Hi, please take a look at https://github.com/google-research/t5x/blob/main/docs/usage/pretrain.md#deterministic-training-no-toc , this has instructions to make your data pipeline deterministic, i.e. reproducible and recoverable.
from seqio.
@gauravmishra , the seqio's dataset_fn
returns return tf.data.Dataset.from_generator(...)
but i needed to output from seqio to be compatible with huggingface's transformer training script is there a way to return it in any other format, thats compatible with huggingface's training. btw i would be making a mixture for multiple languages.
from seqio.
Hi Stephen, currently SeqIO only supports tf.data.Datasets as Task/Mixture outputs. The way to go would be to create a shim to convert tf.data.Datasets into a HF-compatible format (this may already exist, but I'm not sure).
from seqio.
@gauravmishra , thanks for replying. actually, i have built a hacky way to returning the output from seqio.get_mixture_or_task().get_dataset()
as .as_numpy_iterator()
which lets me have numpy values.
the follwoing is the code for the same.
import functools
import seqio
import tensorflow as tf
import t5.data
from datasets import load_dataset
from t5.data import postprocessors
from t5.data import preprocessors
from t5.evaluation import metrics
from seqio import FunctionDataSource, utils
TaskRegistry = seqio.TaskRegistry
DEFAULT_OUTPUT_FEATURES = {
"inputs": seqio.Feature(
vocabulary=t5.data.get_default_vocabulary(), add_eos=True,
required=False),
"targets": seqio.Feature(
vocabulary=t5.data.get_default_vocabulary(), add_eos=True)
}
def gen_dataset(split, shuffle=False, seed=None, column="text", dataset_params=None):
dataset = load_dataset(**dataset_params)
if shuffle:
if seed:
dataset = dataset.shuffle(seed=seed)
else:
dataset = dataset.shuffle()
while True:
for item in dataset[str(split)]:
yield item[column]
def dataset_fn(split, shuffle_files, seed=None, dataset_params=None):
return tf.data.Dataset.from_generator(
functools.partial(gen_dataset, split, shuffle_files, seed, dataset_params=dataset_params),
output_signature=tf.TensorSpec(shape=(), dtype=tf.string, name=dataset_name)
)
@utils.map_over_dataset
def target_to_key(x, key_map, target_key):
"""Assign the value from the dataset to target_key in key_map"""

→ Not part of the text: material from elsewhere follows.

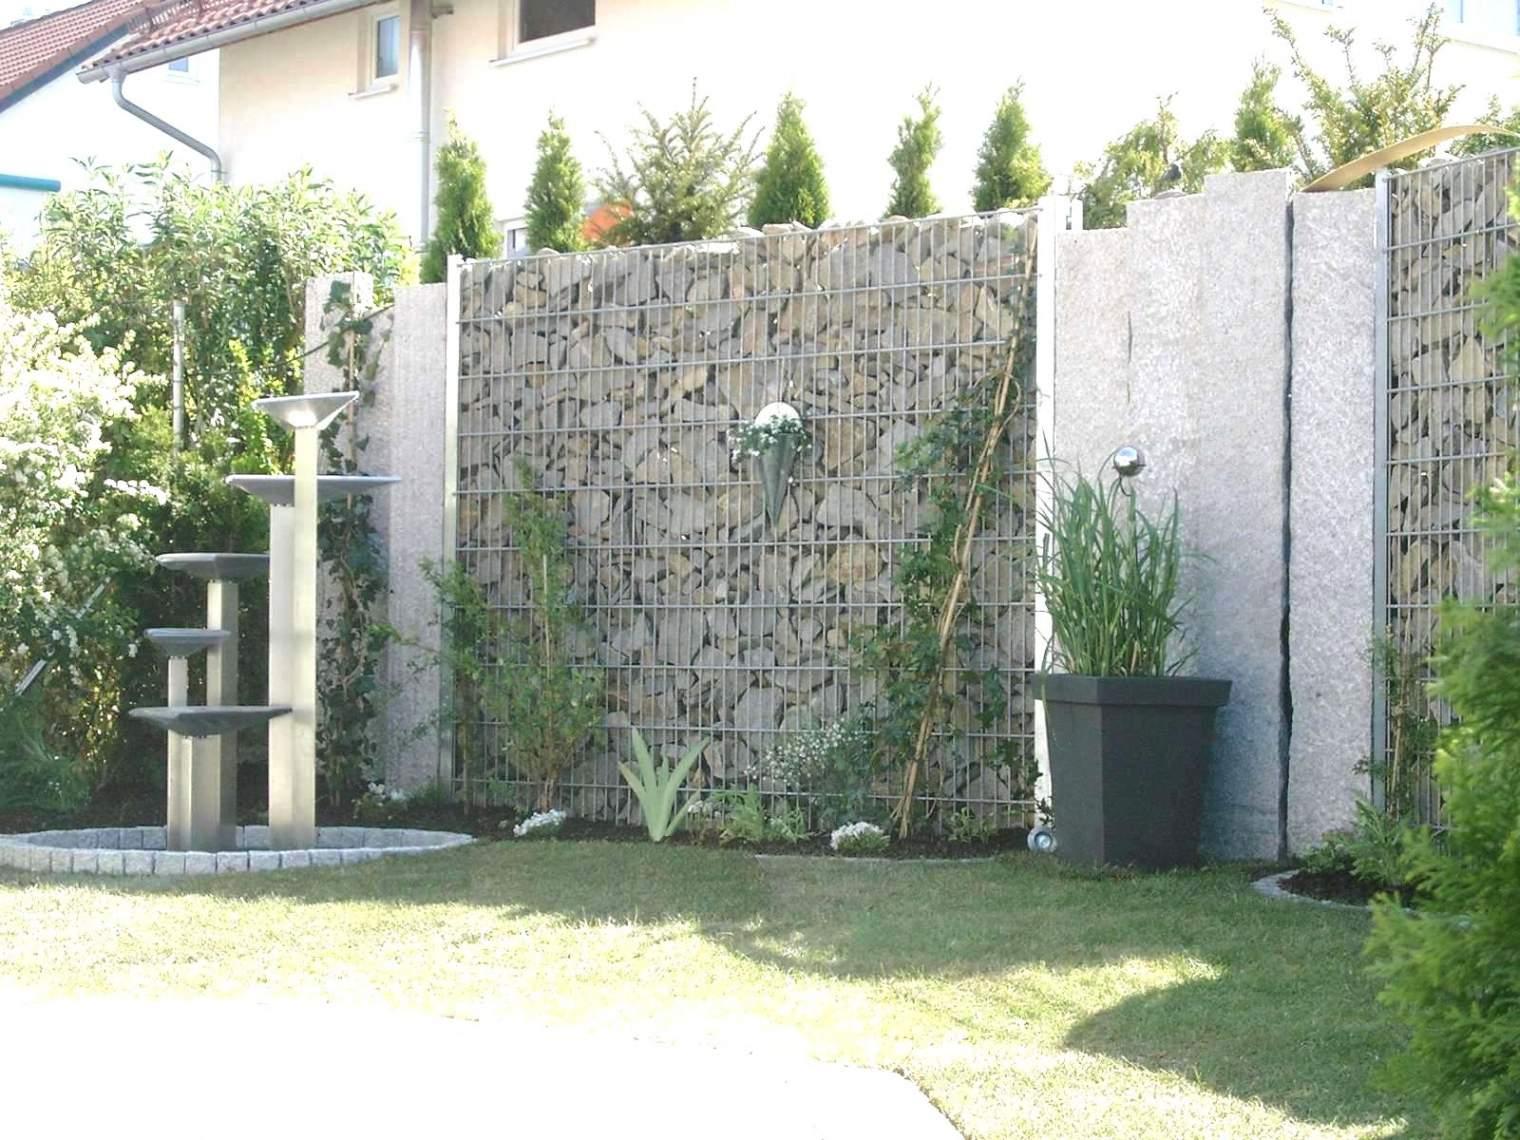 terrassenumrandung mit pflanzen inspirierend inspirierend terrasse terrasse pflanzen sichtschutz terrasse pflanzen sichtschutz
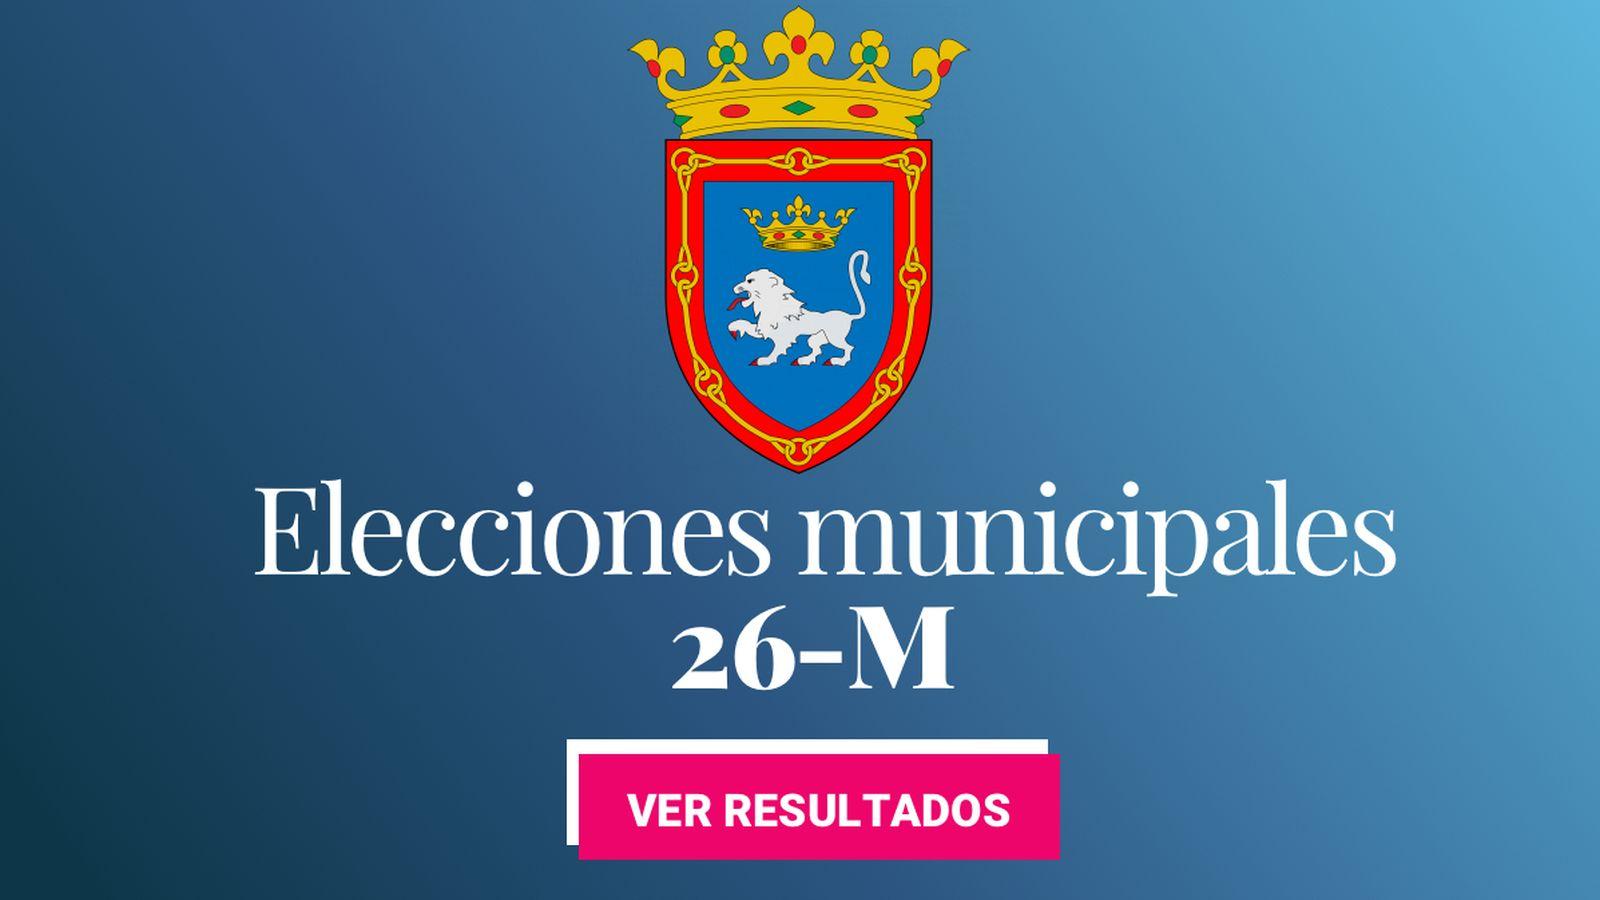 Foto: Elecciones municipales 2019 en Pamplona. (C.C./EC)

return {**key_map, target_key: x}
dataset_name = 'oscar-corpus/OSCAR-2109'
subset= 'mr'
dataset_params = {"path": dataset_name, "language":subset, "use_auth_token":True}
dataset_shapes = None
TaskRegistry.add(
"oscar_marathi_corpus",
source=seqio.FunctionDataSource(
dataset_fn=functools.partial(dataset_fn, dataset_params=dataset_params),
splits=("train", "validation"),
caching_permitted=False,
num_input_examples=dataset_shapes,
),
preprocessors=[
functools.partial(
target_to_key, key_map={
"inputs": None,
"targets": None,
}, target_key="targets"),
seqio.preprocessors.tokenize,
# seqio.CacheDatasetPlaceholder(),
preprocessors.span_corruption,
seqio.preprocessors.append_eos_after_trim,
],
output_features={"targets": seqio.Feature(vocabulary=t5.data.get_default_vocabulary(), add_eos=True)},
metric_fns=[]
)
dataset = seqio.get_mixture_or_task("oscar_marathi_corpus").get_dataset(
sequence_length={"inputs": 512, "targets": 512},
split="train",
shuffle=True,
num_epochs=1,
use_cached=False,
seed=42
)
for _, ex in zip(range(5), dataset.as_numpy_iterator()):
print(ex)
but the thing is it returns values as input IDs after the preprocessing done on the dataset.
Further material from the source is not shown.